PROBLEM: When you reach the line that holds "Freemasonry Victoria Magazine", start copying exactly and keep going through the final line of the data, leaving out pictures.

AVAILABLE DATA:

* * * * * * *

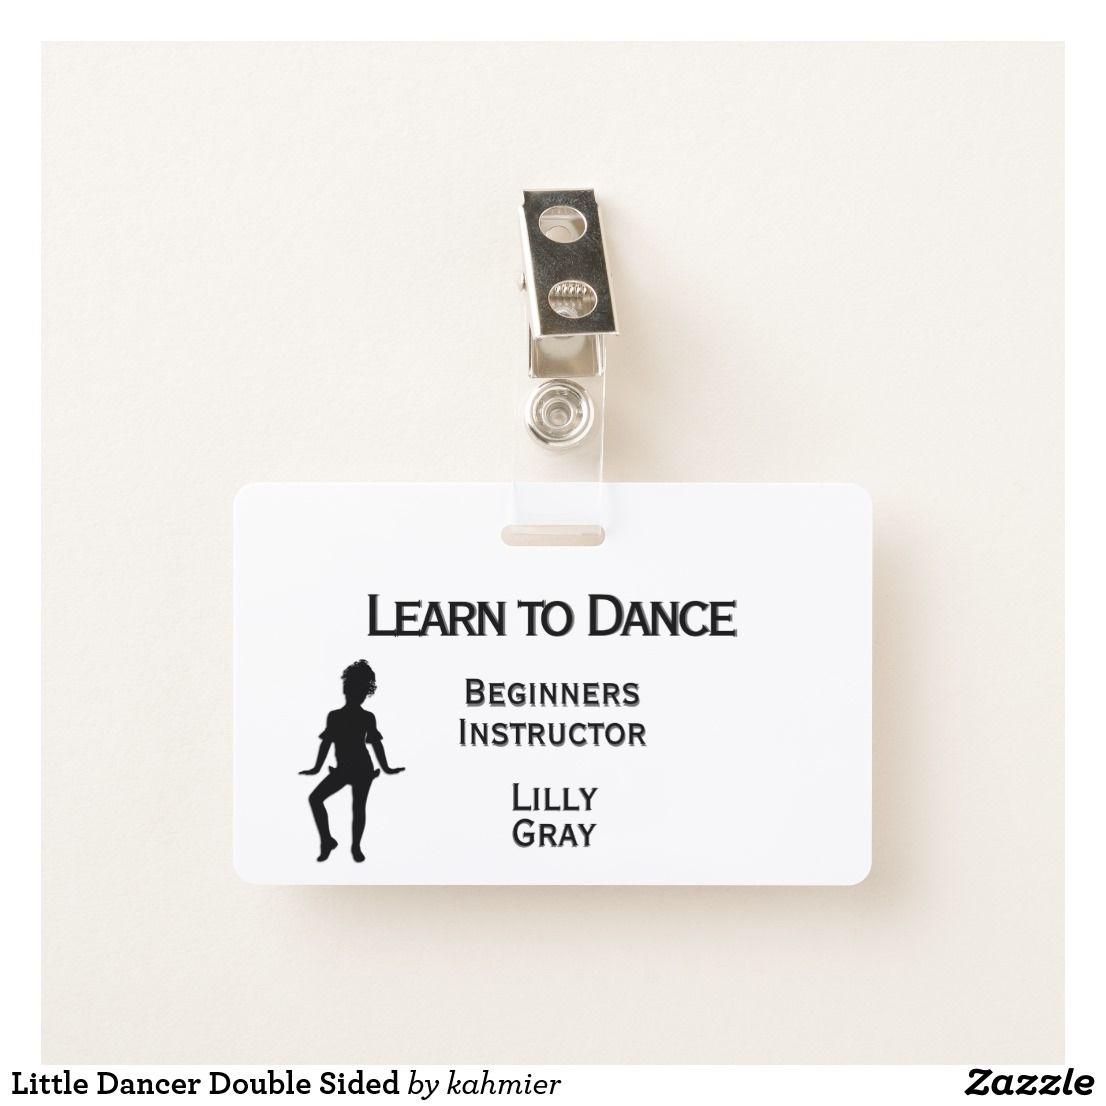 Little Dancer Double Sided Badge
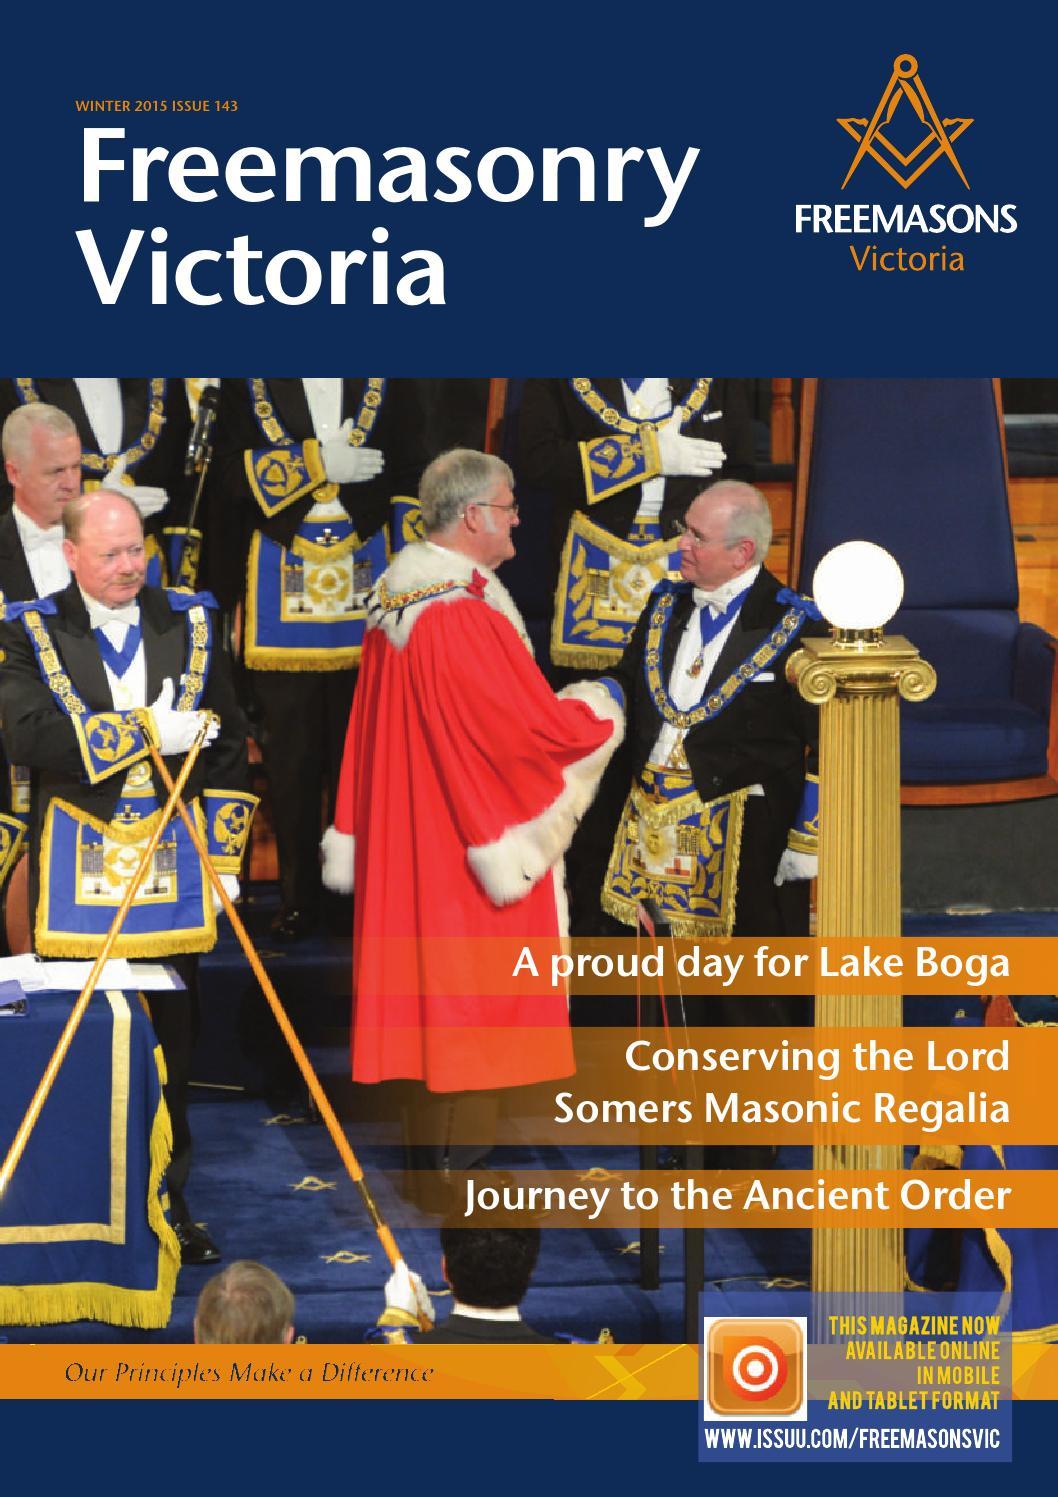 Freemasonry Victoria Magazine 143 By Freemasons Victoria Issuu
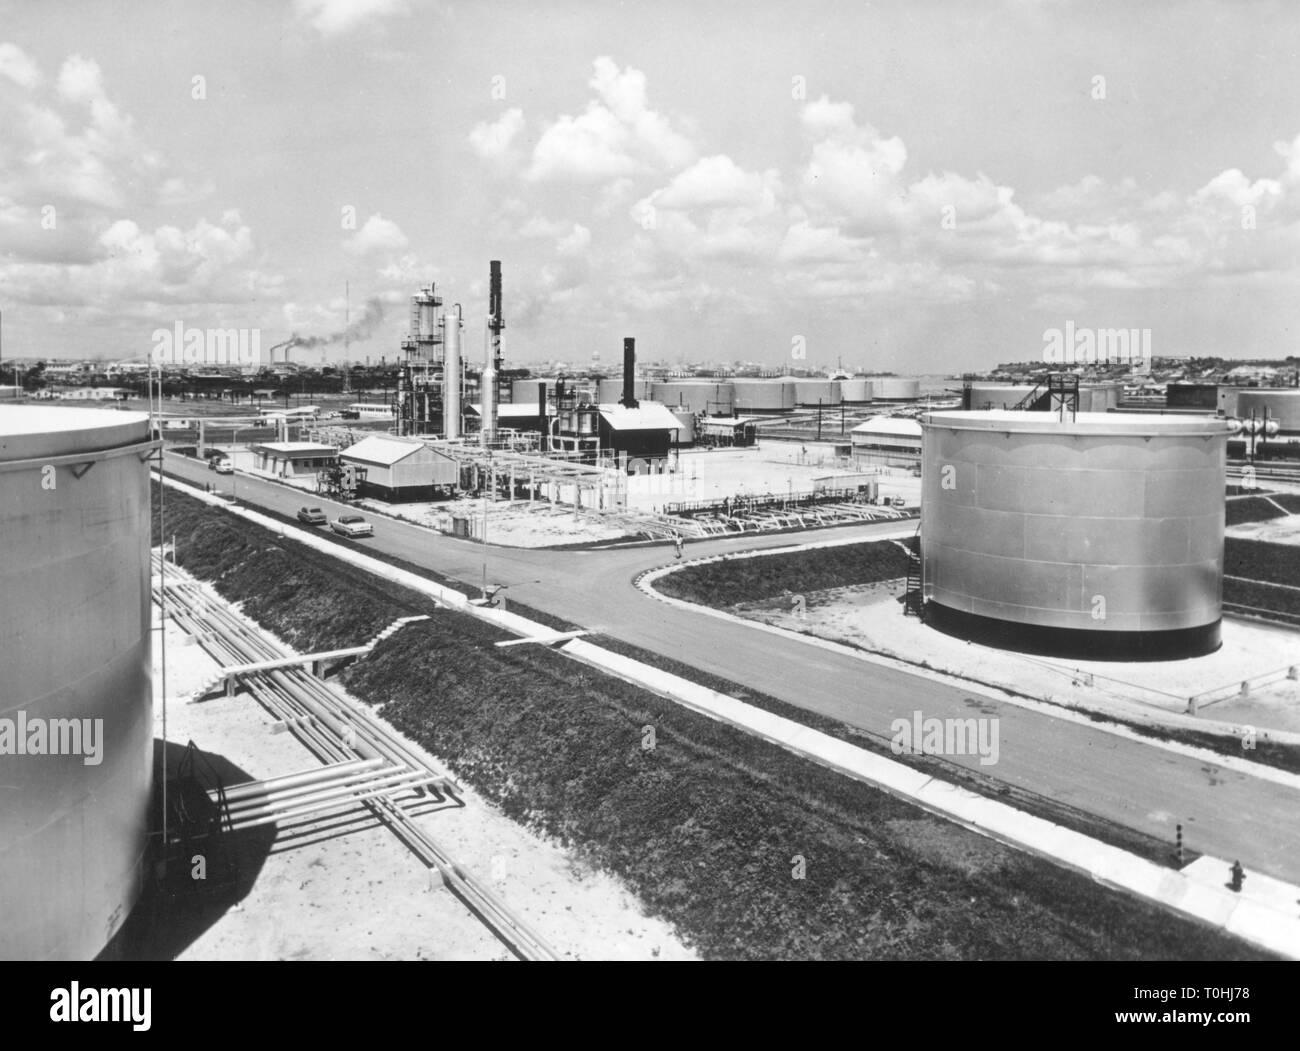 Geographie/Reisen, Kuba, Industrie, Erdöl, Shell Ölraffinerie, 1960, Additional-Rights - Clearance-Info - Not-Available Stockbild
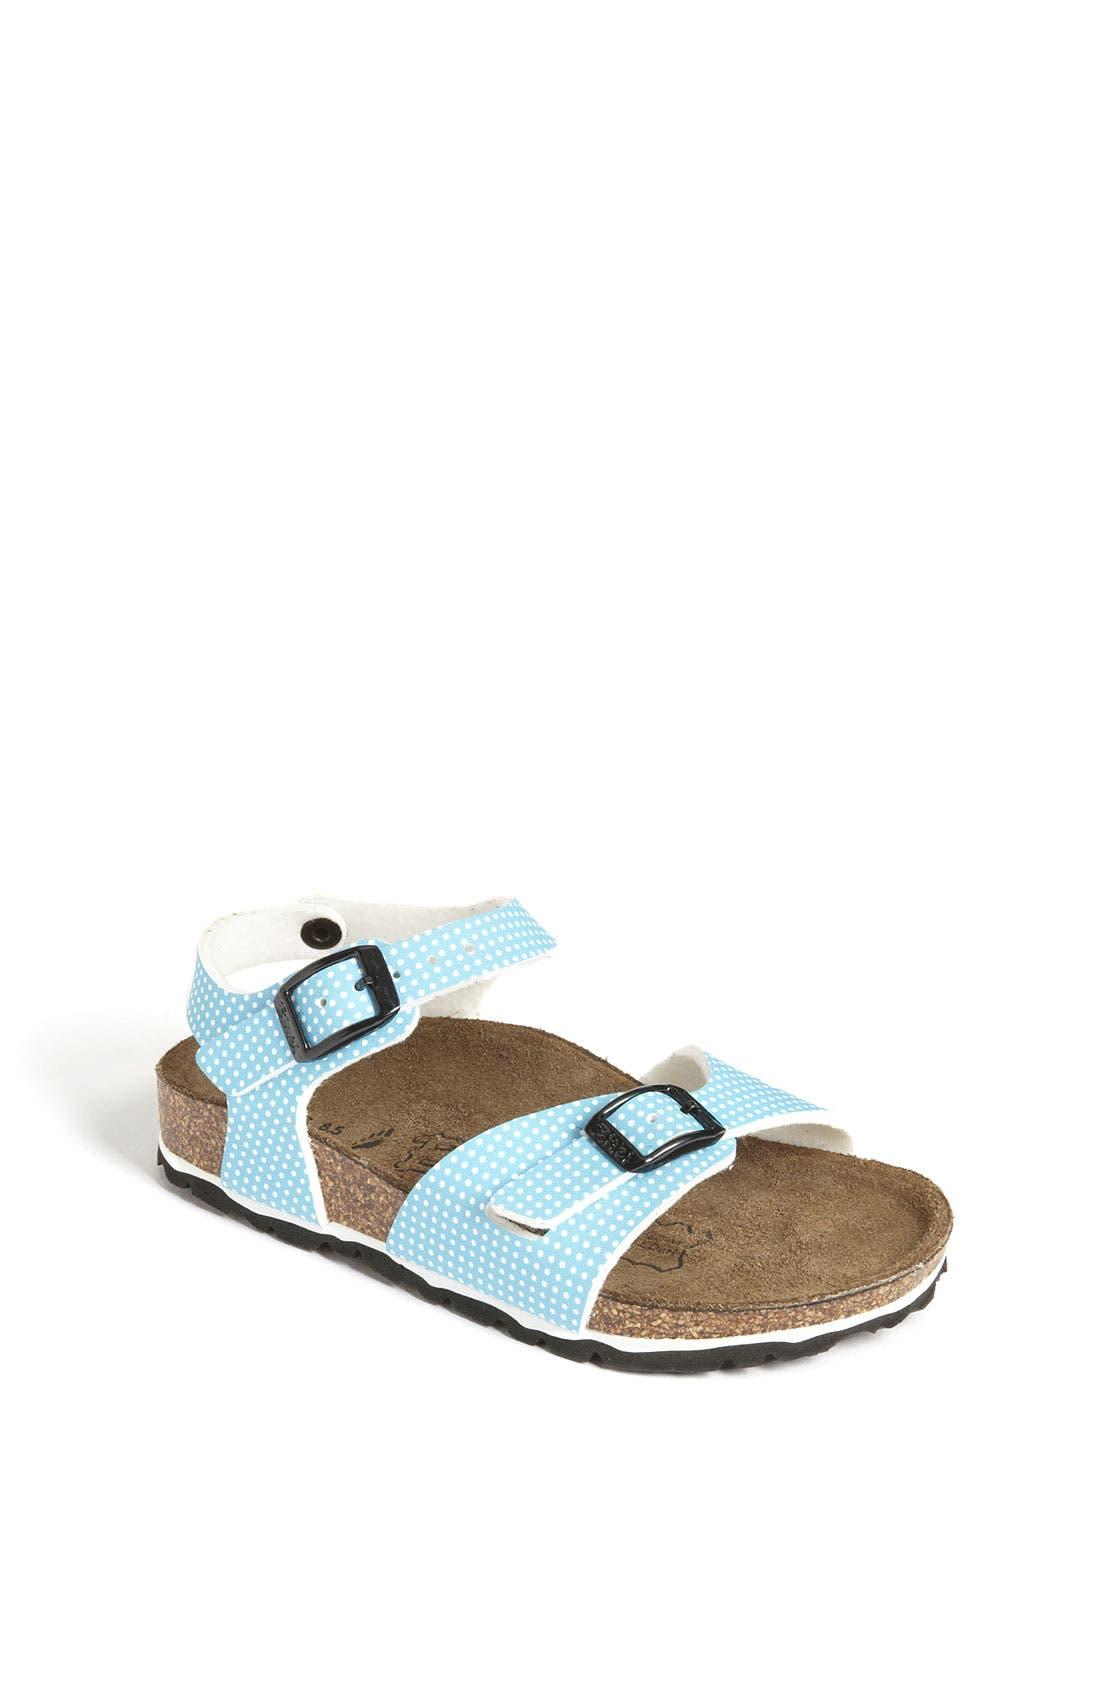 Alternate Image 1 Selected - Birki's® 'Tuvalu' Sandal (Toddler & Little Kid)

* * * * * * *

YOUR RESPONSE:
 Freemasonry Victoria Magazine 143 By Freemasons Victoria Issuu
 Geographie/Reisen, Kuba, Industrie, Erdöl, Shell Ölraffinerie, 1960, Additional-Rights - Clearance-Info - Not-Available Stockbild
 Alternate Image 1 Selected - Birki's® 'Tuvalu' Sandal (Toddler & Little Kid)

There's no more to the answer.